*** Opening of RECORD SET ***
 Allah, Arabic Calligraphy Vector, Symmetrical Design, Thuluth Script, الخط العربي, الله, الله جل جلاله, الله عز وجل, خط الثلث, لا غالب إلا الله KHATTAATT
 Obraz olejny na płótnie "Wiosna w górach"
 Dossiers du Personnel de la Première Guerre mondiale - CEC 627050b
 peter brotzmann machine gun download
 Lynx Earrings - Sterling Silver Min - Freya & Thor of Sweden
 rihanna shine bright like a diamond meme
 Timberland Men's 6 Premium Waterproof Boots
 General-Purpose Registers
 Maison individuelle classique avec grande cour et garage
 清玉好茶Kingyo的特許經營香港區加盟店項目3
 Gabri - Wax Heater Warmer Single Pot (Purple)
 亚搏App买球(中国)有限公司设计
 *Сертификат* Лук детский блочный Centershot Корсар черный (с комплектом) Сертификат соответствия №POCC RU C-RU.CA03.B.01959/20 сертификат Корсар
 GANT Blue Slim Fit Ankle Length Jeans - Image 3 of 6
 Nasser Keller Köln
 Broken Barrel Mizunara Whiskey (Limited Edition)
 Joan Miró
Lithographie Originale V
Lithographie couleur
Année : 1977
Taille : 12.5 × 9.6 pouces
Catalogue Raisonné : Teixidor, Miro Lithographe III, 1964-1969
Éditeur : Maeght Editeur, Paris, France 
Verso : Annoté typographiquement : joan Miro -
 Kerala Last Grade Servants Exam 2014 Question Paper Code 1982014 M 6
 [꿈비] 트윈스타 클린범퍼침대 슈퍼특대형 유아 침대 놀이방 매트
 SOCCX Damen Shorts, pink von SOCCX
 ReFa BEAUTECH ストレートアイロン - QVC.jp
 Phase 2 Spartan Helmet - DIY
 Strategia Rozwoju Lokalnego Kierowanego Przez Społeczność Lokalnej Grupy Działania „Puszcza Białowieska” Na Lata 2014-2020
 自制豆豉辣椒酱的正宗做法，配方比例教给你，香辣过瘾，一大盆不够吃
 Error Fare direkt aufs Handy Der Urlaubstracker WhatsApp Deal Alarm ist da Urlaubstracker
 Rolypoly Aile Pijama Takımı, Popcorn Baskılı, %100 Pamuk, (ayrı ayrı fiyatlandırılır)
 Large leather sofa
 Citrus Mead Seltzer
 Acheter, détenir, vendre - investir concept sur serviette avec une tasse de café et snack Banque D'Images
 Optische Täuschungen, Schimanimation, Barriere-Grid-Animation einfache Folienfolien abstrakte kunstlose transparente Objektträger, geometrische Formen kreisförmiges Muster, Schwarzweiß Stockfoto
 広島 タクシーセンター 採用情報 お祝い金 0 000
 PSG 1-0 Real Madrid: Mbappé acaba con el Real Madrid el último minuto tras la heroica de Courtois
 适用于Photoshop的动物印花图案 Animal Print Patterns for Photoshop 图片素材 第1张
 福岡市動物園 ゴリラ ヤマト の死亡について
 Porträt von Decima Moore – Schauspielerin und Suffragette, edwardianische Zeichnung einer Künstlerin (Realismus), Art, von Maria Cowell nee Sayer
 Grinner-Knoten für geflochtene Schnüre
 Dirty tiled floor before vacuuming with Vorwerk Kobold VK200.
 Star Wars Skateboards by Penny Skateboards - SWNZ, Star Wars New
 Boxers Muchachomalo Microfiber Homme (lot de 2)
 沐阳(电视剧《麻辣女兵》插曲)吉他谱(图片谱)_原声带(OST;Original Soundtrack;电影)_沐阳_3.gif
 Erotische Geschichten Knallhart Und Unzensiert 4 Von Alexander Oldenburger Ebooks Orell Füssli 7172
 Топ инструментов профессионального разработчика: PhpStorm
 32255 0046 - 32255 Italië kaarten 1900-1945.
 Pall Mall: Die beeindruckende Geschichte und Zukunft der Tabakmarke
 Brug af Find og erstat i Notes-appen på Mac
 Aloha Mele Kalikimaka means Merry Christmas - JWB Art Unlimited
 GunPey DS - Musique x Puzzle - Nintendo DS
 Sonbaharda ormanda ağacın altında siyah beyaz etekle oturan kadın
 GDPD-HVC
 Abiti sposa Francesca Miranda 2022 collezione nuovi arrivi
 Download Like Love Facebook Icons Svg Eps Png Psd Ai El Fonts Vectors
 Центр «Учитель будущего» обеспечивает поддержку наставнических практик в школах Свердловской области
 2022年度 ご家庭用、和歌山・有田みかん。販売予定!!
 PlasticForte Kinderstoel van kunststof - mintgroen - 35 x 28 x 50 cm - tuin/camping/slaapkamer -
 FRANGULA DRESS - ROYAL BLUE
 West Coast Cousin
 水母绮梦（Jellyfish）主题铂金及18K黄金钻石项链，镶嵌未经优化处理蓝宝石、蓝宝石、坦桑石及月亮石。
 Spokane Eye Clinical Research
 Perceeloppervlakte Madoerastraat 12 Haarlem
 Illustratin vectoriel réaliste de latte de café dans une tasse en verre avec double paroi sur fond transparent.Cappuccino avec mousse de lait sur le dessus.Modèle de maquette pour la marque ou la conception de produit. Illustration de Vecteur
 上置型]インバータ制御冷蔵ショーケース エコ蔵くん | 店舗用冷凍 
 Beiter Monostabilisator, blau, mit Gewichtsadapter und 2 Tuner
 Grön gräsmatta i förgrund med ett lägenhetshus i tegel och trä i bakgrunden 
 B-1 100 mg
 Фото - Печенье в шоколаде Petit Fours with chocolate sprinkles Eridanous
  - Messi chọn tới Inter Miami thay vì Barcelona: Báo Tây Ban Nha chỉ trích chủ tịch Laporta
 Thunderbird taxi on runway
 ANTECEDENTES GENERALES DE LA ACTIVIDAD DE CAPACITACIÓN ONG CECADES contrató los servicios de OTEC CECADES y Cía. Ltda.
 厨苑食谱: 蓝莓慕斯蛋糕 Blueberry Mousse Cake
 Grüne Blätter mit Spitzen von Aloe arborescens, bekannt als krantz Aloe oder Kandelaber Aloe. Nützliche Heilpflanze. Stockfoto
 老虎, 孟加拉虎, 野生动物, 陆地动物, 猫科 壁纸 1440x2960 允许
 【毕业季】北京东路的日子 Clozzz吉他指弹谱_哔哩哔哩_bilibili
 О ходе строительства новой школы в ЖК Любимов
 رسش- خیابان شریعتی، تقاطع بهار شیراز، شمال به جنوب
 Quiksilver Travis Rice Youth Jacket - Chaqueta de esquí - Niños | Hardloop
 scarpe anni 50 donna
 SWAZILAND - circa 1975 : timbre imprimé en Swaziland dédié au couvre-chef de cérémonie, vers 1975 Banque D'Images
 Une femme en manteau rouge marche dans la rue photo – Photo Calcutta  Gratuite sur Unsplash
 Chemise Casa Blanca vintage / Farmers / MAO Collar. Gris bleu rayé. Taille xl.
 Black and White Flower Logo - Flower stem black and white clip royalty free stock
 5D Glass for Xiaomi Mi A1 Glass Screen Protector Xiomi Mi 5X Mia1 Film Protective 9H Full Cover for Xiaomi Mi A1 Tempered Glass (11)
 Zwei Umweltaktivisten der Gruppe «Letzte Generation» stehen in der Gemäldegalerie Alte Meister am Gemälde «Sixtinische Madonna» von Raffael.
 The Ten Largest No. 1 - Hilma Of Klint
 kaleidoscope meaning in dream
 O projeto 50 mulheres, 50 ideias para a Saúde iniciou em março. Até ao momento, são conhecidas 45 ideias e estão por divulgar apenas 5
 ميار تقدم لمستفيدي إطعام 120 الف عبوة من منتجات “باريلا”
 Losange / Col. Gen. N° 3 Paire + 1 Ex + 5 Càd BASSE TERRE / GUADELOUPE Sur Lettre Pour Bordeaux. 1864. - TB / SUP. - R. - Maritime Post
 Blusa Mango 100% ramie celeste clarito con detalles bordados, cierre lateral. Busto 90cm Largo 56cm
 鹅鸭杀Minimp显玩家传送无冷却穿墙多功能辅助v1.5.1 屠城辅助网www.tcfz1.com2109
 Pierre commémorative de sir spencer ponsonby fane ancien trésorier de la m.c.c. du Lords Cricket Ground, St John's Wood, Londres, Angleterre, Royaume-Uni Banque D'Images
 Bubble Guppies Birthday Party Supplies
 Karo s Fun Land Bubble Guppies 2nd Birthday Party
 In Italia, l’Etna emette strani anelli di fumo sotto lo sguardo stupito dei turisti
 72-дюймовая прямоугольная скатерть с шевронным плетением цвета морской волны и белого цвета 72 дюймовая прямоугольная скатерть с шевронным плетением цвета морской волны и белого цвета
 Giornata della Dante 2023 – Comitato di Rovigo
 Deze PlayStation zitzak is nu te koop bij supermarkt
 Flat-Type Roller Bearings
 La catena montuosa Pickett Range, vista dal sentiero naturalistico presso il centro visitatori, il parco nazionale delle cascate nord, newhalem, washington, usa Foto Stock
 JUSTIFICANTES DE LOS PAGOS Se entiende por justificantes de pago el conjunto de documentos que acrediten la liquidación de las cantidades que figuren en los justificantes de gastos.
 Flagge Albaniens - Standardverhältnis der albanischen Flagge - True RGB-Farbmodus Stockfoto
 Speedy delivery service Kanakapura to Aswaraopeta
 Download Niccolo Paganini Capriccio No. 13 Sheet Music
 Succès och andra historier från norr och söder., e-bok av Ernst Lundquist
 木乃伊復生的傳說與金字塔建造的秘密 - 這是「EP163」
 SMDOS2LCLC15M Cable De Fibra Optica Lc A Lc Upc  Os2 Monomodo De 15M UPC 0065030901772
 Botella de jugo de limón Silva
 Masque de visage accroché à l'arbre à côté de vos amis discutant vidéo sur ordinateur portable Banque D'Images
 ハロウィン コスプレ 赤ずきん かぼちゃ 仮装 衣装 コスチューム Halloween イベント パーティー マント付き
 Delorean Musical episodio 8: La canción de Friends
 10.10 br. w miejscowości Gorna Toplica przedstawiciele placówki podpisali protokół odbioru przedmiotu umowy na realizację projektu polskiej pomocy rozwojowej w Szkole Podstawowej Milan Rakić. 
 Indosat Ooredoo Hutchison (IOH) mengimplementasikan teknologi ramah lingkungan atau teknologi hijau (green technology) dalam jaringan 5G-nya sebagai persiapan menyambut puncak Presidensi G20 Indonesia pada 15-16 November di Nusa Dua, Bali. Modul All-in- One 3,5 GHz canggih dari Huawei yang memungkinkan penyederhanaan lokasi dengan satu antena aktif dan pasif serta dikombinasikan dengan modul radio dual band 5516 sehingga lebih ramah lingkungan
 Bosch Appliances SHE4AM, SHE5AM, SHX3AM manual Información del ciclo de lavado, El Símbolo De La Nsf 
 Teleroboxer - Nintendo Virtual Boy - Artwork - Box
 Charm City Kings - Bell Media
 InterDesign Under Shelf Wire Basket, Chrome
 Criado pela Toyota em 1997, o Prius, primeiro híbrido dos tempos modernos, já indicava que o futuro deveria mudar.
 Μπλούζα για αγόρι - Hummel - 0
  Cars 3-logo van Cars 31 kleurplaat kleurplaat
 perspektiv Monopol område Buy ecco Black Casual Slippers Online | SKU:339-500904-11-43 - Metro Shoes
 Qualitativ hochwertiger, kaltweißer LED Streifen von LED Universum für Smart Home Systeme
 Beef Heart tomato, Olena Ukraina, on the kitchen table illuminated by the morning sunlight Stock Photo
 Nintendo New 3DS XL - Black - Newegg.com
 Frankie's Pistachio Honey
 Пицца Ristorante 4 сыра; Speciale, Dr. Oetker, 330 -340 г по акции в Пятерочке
*** Close of RECORD SET ***
§ WHAT YOU NEED TO DO: Give again, exactly as written, every line from the first one above through the line that has "Éditeur : Maeght Editeur, Paris, France" in it.

§ ANSWER BOX:
 Allah, Arabic Calligraphy Vector, Symmetrical Design, Thuluth Script, الخط العربي, الله, الله جل جلاله, الله عز وجل, خط الثلث, لا غالب إلا الله KHATTAATT
 Obraz olejny na płótnie "Wiosna w górach"
 Dossiers du Personnel de la Première Guerre mondiale - CEC 627050b
 peter brotzmann machine gun download
 Lynx Earrings - Sterling Silver Min - Freya & Thor of Sweden
 rihanna shine bright like a diamond meme
 Timberland Men's 6 Premium Waterproof Boots
 General-Purpose Registers
 Maison individuelle classique avec grande cour et garage
 清玉好茶Kingyo的特許經營香港區加盟店項目3
 Gabri - Wax Heater Warmer Single Pot (Purple)
 亚搏App买球(中国)有限公司设计
 *Сертификат* Лук детский блочный Centershot Корсар черный (с комплектом) Сертификат соответствия №POCC RU C-RU.CA03.B.01959/20 сертификат Корсар
 GANT Blue Slim Fit Ankle Length Jeans - Image 3 of 6
 Nasser Keller Köln
 Broken Barrel Mizunara Whiskey (Limited Edition)
 Joan Miró
Lithographie Originale V
Lithographie couleur
Année : 1977
Taille : 12.5 × 9.6 pouces
Catalogue Raisonné : Teixidor, Miro Lithographe III, 1964-1969
Éditeur : Maeght Editeur, Paris, France 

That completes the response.